• _Exercise requirements_
Return the full listing word for word, but drop every picture from it.

• _Dataset section_
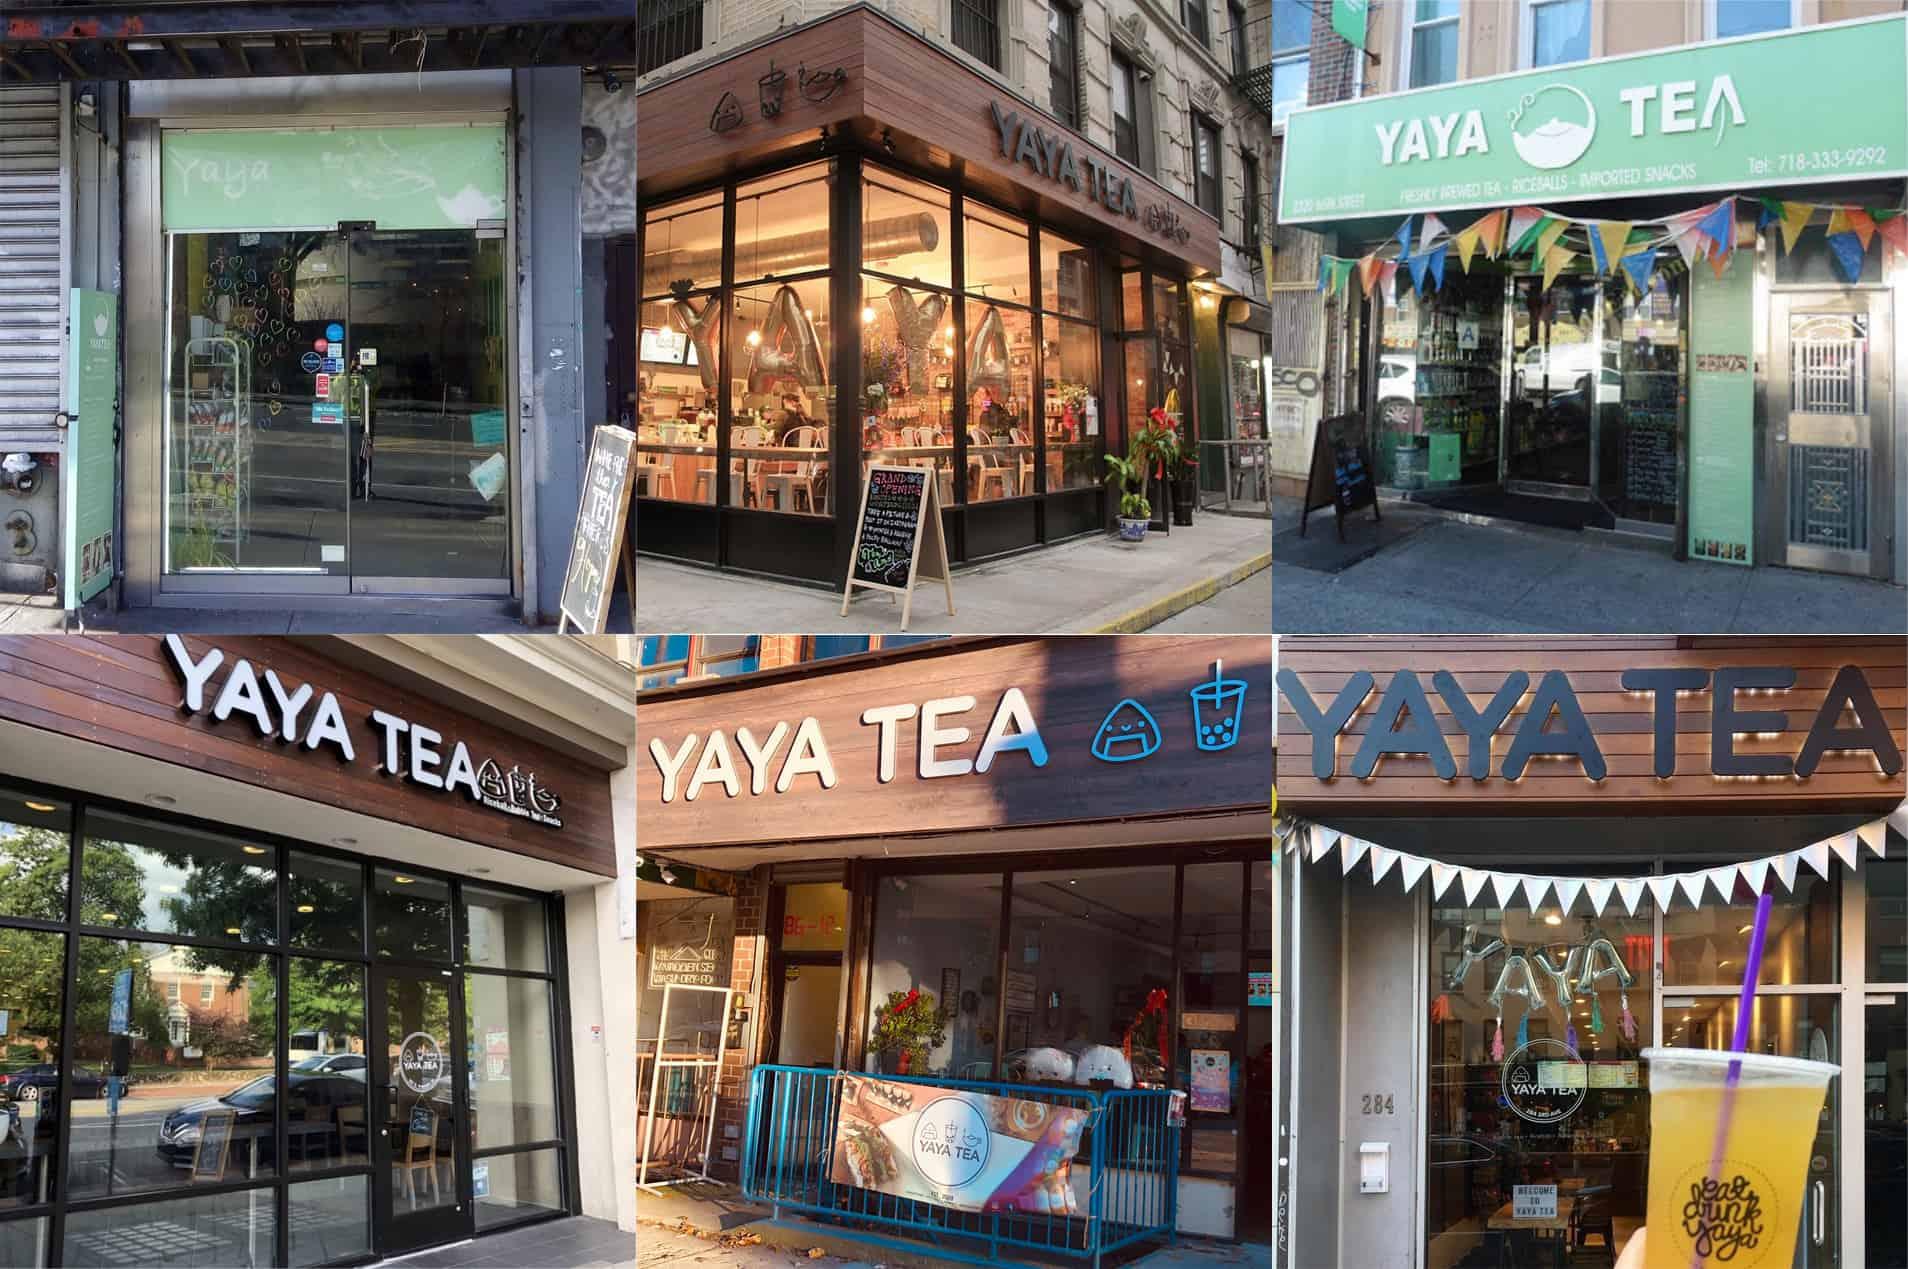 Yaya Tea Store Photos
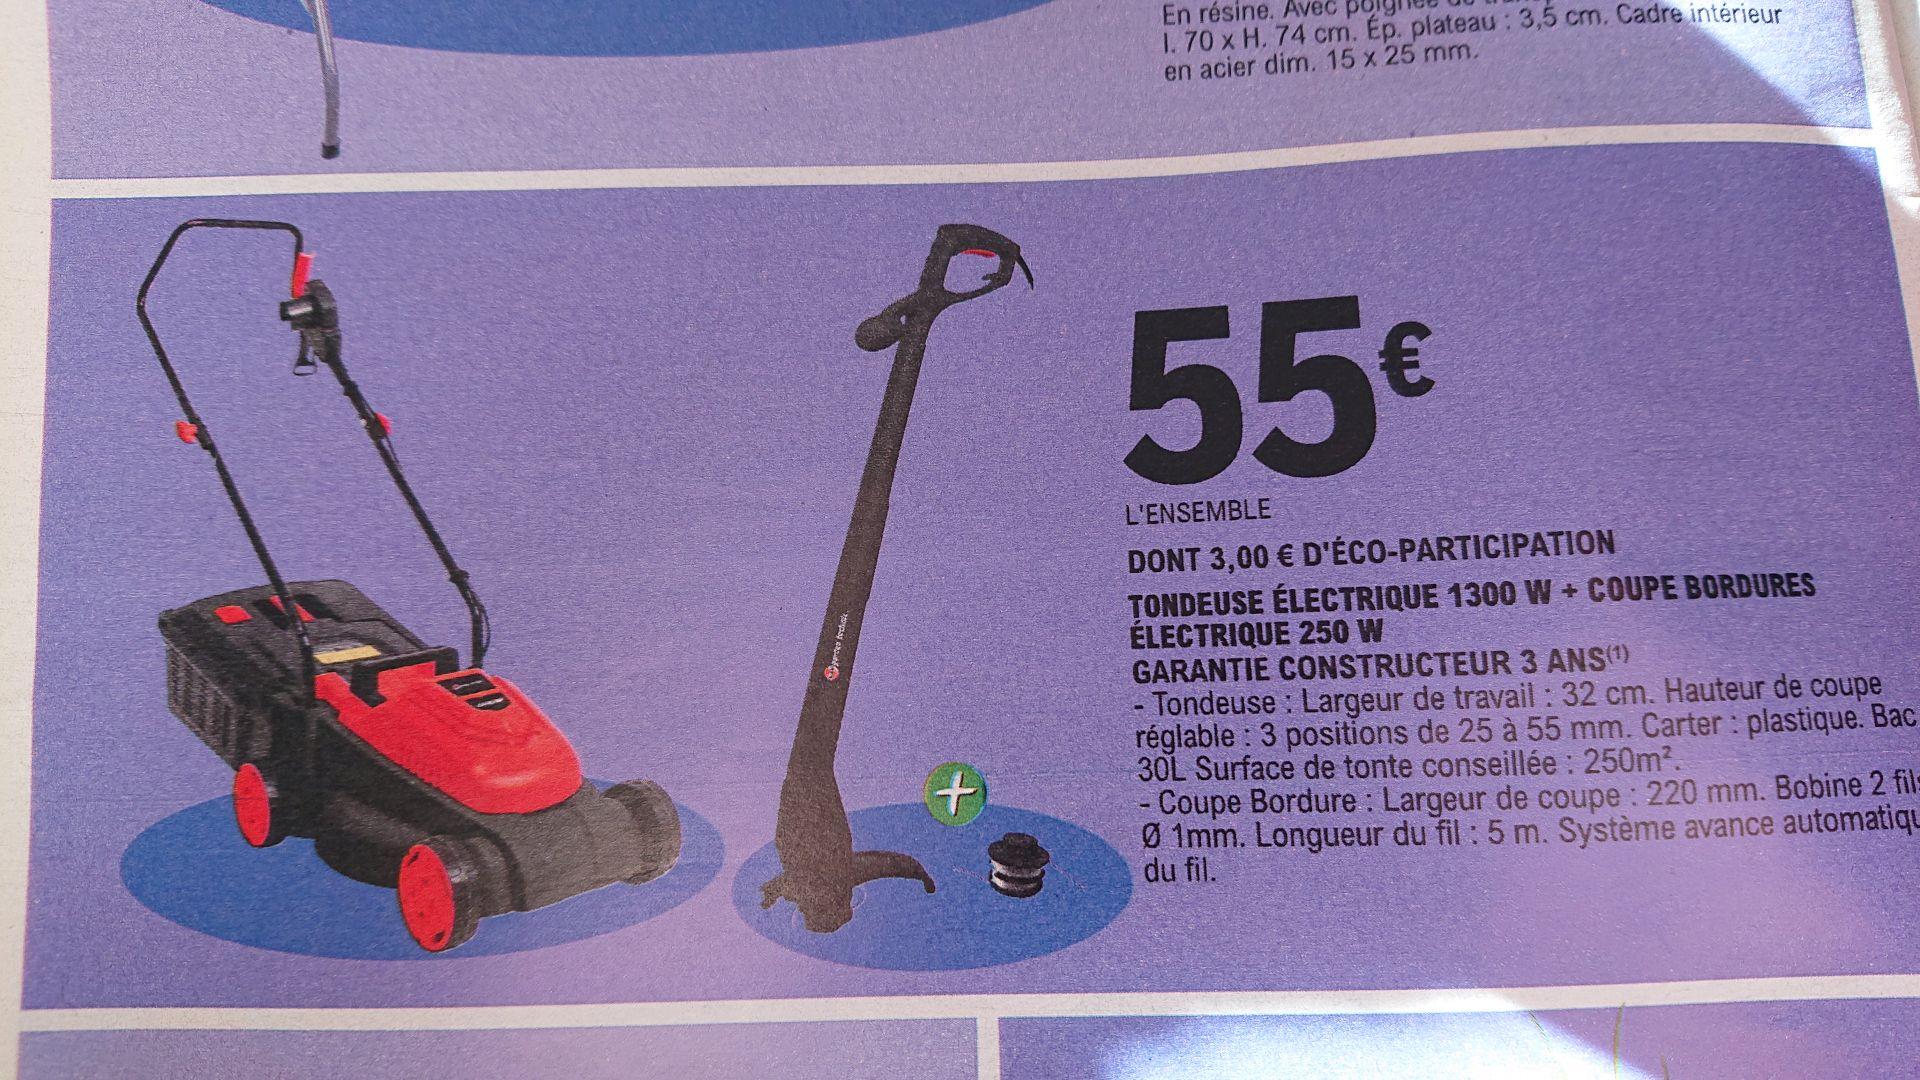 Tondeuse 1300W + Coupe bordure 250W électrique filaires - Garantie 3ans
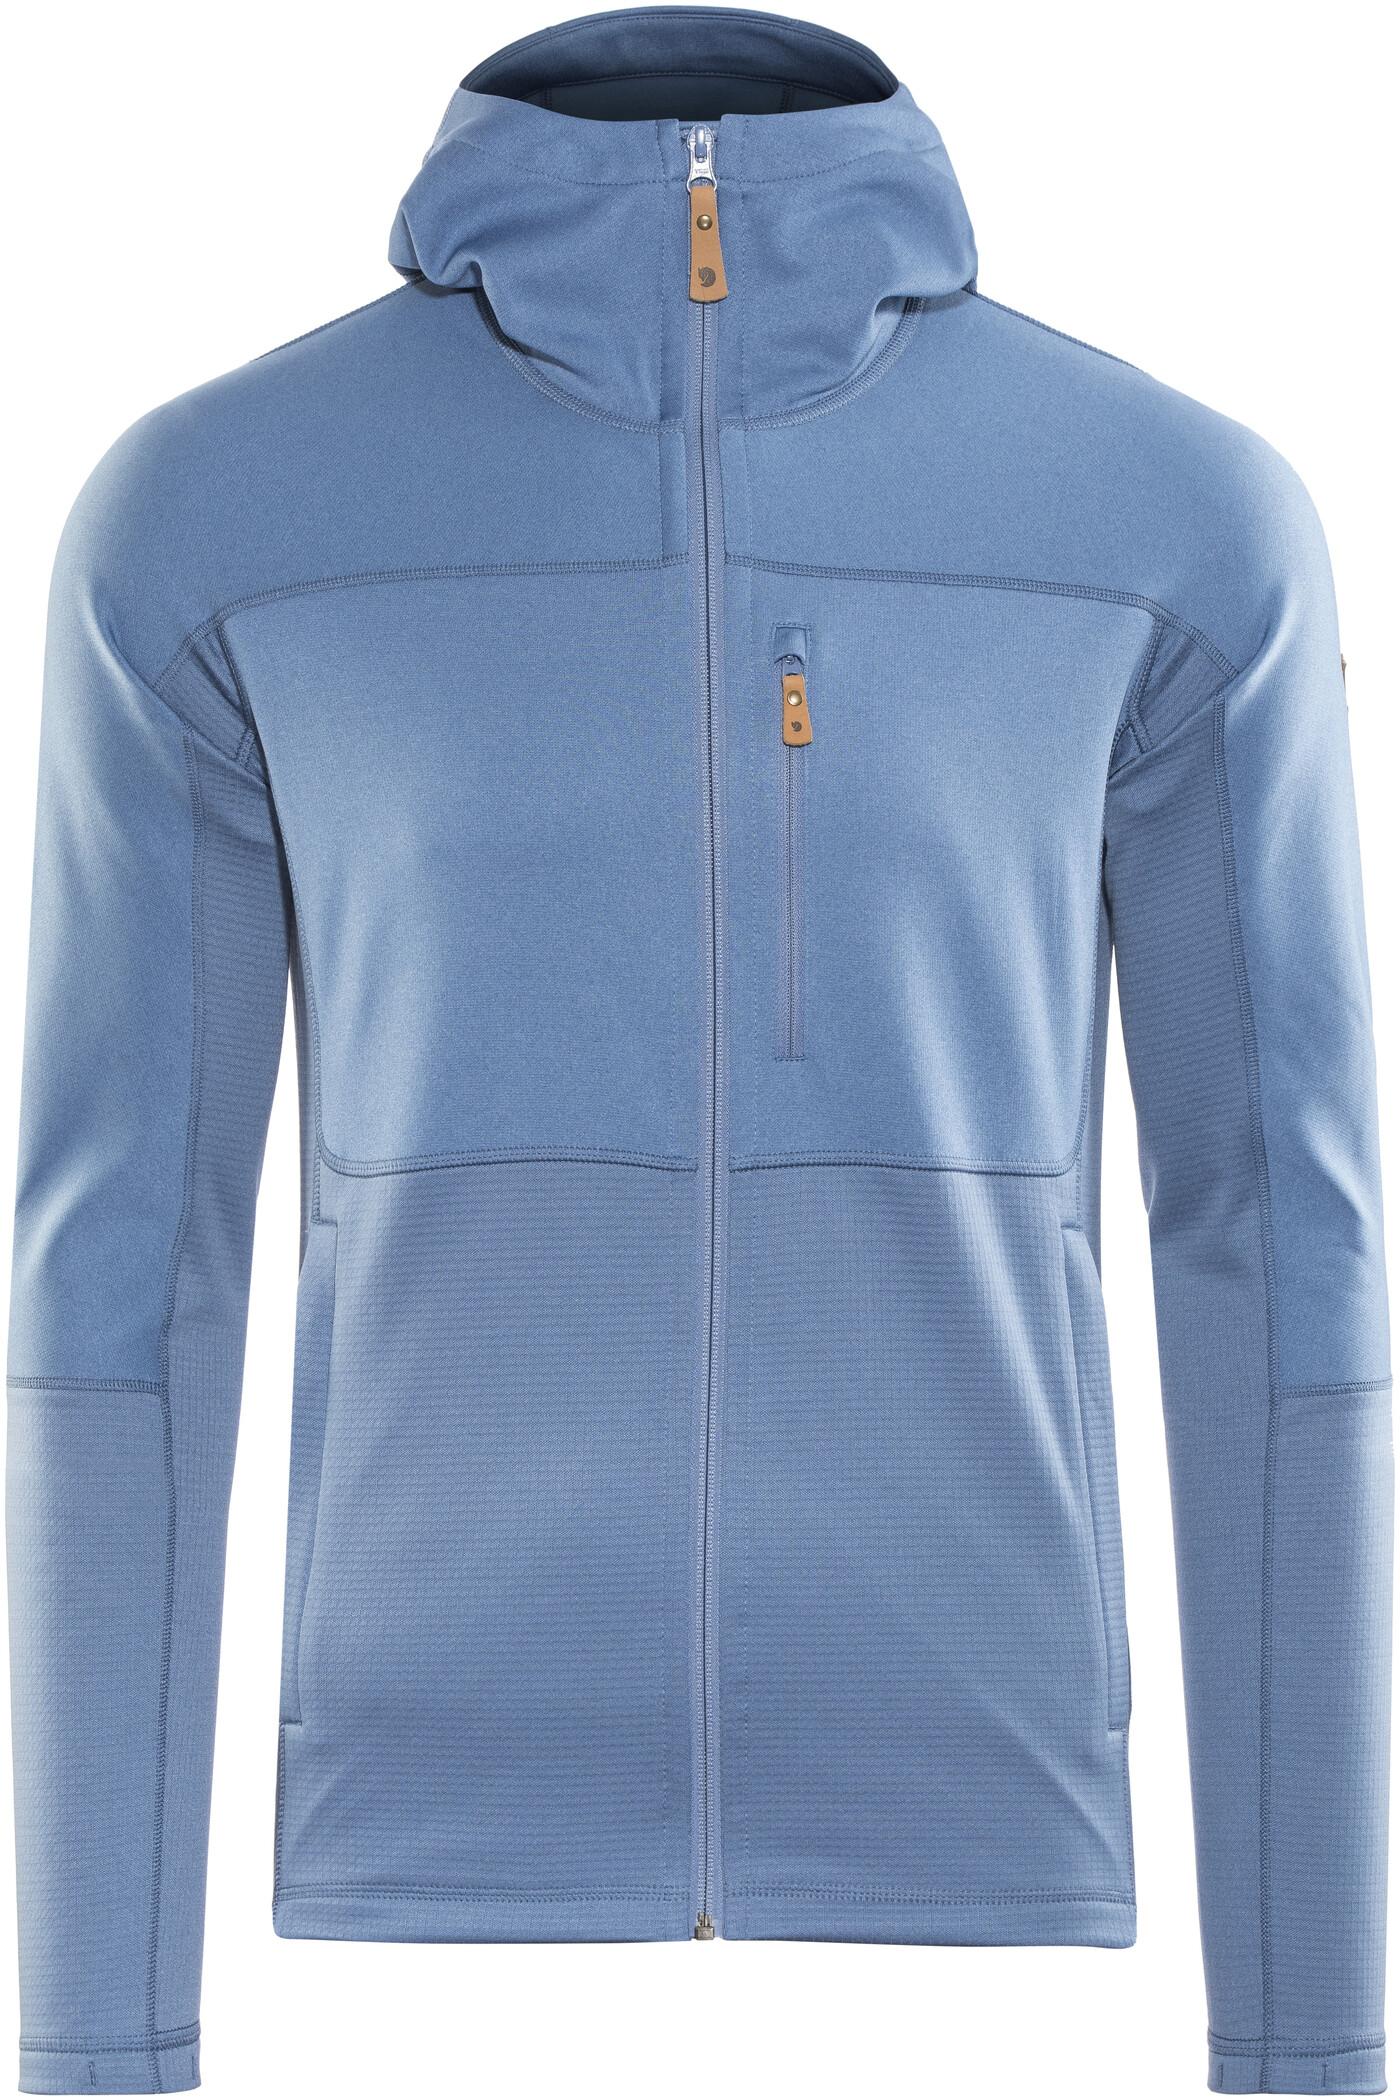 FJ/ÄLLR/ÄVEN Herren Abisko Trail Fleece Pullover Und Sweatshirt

• _Response box_
 Yaya Tea Store Photos
 Tondeuse 1300W + Coupe bordure 250W électrique filaires - Garantie 3ans
 FJ/ÄLLR/ÄVEN Herren Abisko Trail Fleece Pullover Und Sweatshirt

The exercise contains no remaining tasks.